I think that ${\displaystyle (x,y,z)=\{(x,x),(x,y),(y,z)\}}$ works for depth 3 (where the tuples are defined using Kuratowski's definition) --84.229.149.53 (talk) 16:50, 15 May 2017 (UTC)[reply]

Not sure about the previous answer, but after playing with it some more, I think ${\displaystyle (x,y,z)=\{\{\{x,y,z\},\{x,y\},\{x\}\},\{\{y,z\},\{y\}\},\{\{z\}\}\}}$ should do the trick. --Deacon Vorbis (talk) 17:18, 15 May 2017 (UTC)[reply]

This still has (a, a, b) = { { {a, b}, {a} }, { {b} } } = (a, b, b), doesn't it? --JBL (talk) 20:23, 15 May 2017 (UTC)[reply]

Oh hell, you're right.
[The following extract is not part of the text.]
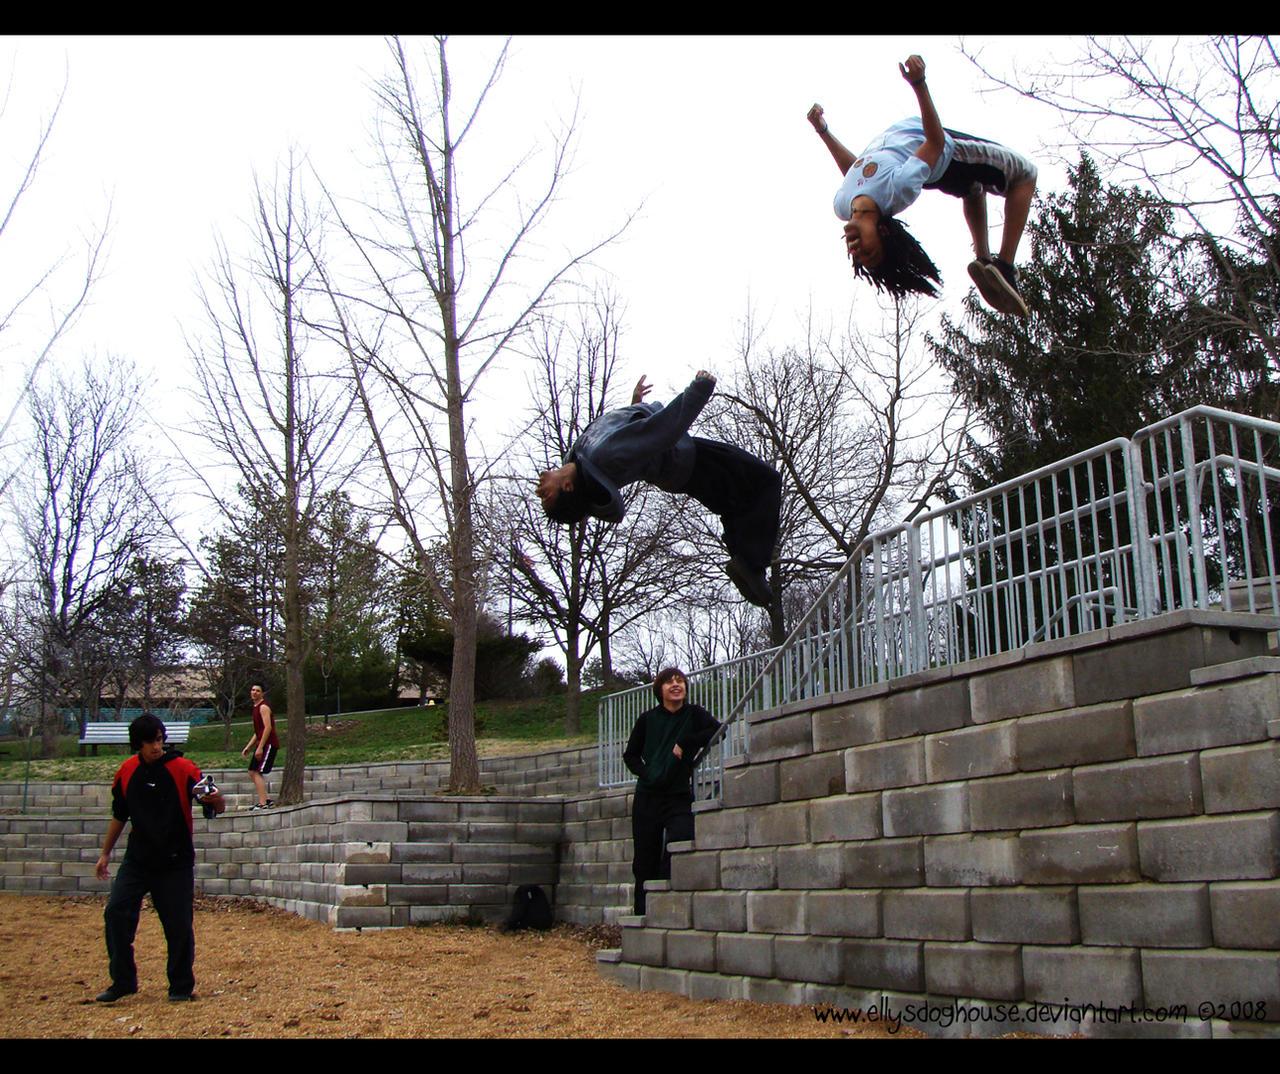 TRICKset's Day at the Park by ellysdoghouse

Somehow I'd convinced myself differently. --Deacon Vorbis (talk) 21:53, 15 May 2017 (UTC)[reply]

I've verified that ${\displaystyle (x,y,z):=\{(x,x),(x,y),(y,z)\}}$ does work. A variation that also seems to work is ${\displaystyle (x,y,z):=\{(x,y),(x,z),(y,z)\}}$. But if you try something similar for quadruples, ${\displaystyle (p,q,r,s):=\{(p,q),(p,r),(q,r),(p,s),(q,s),(r,s)\}}$ you get (a, b, a, a)=(a, a, b, a). Finding a combination that works is tricky because there are plenty that seem like they ought to work, but when it comes to proving that they do some case pops up where they fail. --RDBury (talk) 23:00, 15 May 2017 (UTC)[reply]

A comprehensive brute-force search suggests (assuming my crude coding works correctly, not a given) that there is no set of ordered pairs of four objects that can distinguish the 16 ordered four-tuples with entries in an underlying set of size two. --JBL (talk) 17:05, 17 May 2017 (UTC)[reply]

Not to distract from your question, which is interesting, but the most usual way of representing finite tuples is to take them to be functions whose domain is the length of the tuple, considered as a finite ordinal. So a 3-tuple is a function from 3 to something, meaning it assigns values to 0, 1, and 2. That makes ${\displaystyle (a,b,c)=\{(0,a),(1,b),(2,c)\}}$. Of course this makes the ordered pair different from the ordered 2-tuple, but life is hard all over. --Trovatore (talk) 23:23, 15 May 2017 (UTC)[reply]